In A Eugeniu Unale dice: “Samben’hat fattu s’istrale fonnesa,/ basada siat sa man’assassina, ha fatto scorrere del sangue la scure di Fonni,/ sia baciata la mano assassina. Qui Peppinu condanna le prepotenze e gli abusi di potere che certi ufficiali riservavano alla truppa. Se è probabile che l’assassino fosse originario del paese di Fonni, mi sfugge però se la “scure” sia un simbolo di giustizia-vendetta, o se il fonnese abbia davvero utilizzato una scure. Ma sono particolari: dal quadro dipinto da Mereu capiamo che in quel tempo gli ufficiali si comportavano coi subalterni in modo inaccettabile. Mereu, infatti, invita l’amico a non indignarsi per la gioia che prova per il misfatto: “Peus pro chie de coro villanu/ da ch’est soldadu ponet in olvidu/ chi su soldadu det essere umanu, peggio per chi, di cuore villano,/ quando è soldato dimentica/ che il soldato deve essere umano.
Questo canto risale al 1896. Ora, Giuseppe Dessì nel Disertore racconta una storia simile quando parla del ragazzo che durante la Grande Guerra, dopo aver ricevuto dal suo superiore una frustata, lo uccide. Se non erro, a casi di ammutinamento o di vendetta su un piano in apparenza personale e/o irrazionale, accenna Lussu in Un anno sull’altopiano. Il fenomeno era quindi diffuso e reale.

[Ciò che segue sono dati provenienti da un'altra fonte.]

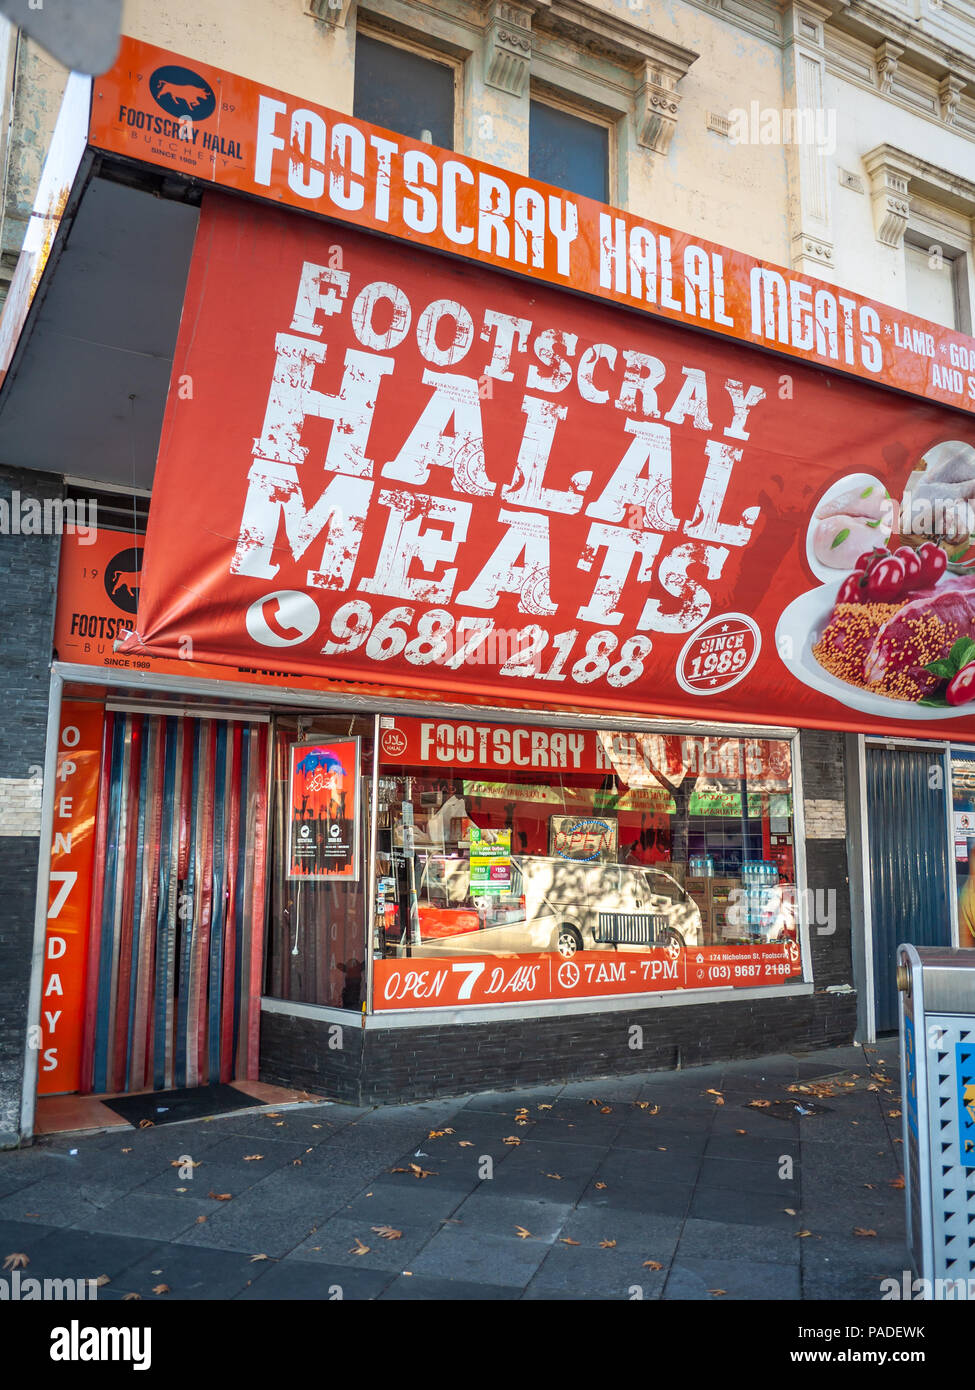 La carne halal Store a Footscray, al suo interno un sobborgo di Melbourne, VIC Australia. Foto Stock

Trovo che molte immagini di Mereu possano trovarsi solo nel blues dei Neri più disperati, così come il tema della morte intesa come “destino” sempre incombente. In Dae una losa isdimentigada, da una tomba dimenticata, dice alla sua donna: “Bae, ma cando ses dormind’a lettu/ una oghe ti det benner in su bentu,/ su coro t’hat a tremer in su pettu/ a’ cussa trista boghe de lamentu/ chi t’hat a narrer: custu fit s’affettu,/ custu fit su solenne giuramentu?, và, ma mentre giaci nel tuo letto,/ sentirai una voce nel vento,/ il cuore ti tremerà in petto/ per questa voce triste di lamento,/ che ti dirà: questo fu l’amore?/ Questo il solenne giuramento? Ora, nel blues ricorrono spesso temi ed immagini simili: il vento, la sensazione di strane presenze, la tomba dimenticata… Nel Testamentu il poeta maledì i suoi nemici ma disse anche: “No happo mortu, no happo furzadu,/ morzo senza peccados birgonzosos,/ non ho ucciso né rubato,/ muoio senza peccati vergognosi,/ perdono, non chiedo d’esser perdonato.
Per me, soprattutto nell’ultimo verso c’è tutta la grandezza del poeta e dell’uomo.